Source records

━━━━━━━━━━━━━━━━━━━━━━━━━━━━━━

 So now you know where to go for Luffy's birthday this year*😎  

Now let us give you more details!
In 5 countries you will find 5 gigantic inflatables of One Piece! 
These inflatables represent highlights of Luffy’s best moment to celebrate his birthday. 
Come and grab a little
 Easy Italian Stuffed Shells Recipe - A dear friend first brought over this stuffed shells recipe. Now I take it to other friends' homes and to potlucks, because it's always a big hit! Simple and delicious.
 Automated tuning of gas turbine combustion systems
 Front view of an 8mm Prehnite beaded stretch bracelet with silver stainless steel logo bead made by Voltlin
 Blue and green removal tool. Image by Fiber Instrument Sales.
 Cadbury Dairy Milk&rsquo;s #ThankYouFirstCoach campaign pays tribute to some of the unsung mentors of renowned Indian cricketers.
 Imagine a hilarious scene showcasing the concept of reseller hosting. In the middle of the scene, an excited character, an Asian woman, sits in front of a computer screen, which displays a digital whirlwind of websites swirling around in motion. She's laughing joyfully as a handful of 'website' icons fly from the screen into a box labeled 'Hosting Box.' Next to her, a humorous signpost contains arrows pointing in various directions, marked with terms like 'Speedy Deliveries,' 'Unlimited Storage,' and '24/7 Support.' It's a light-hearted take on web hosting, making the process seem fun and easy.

━━━━━━━━━━━━━━━━━━━━━━━━━━━━━━

*Exercise*. Search each line of the data above for "inflatables", and copy the lines where it occurs.

*Expected answer*.
In 5 countries you will find 5 gigantic inflatables of One Piece! 
These inflatables represent highlights of Luffy’s best moment to celebrate his birthday. 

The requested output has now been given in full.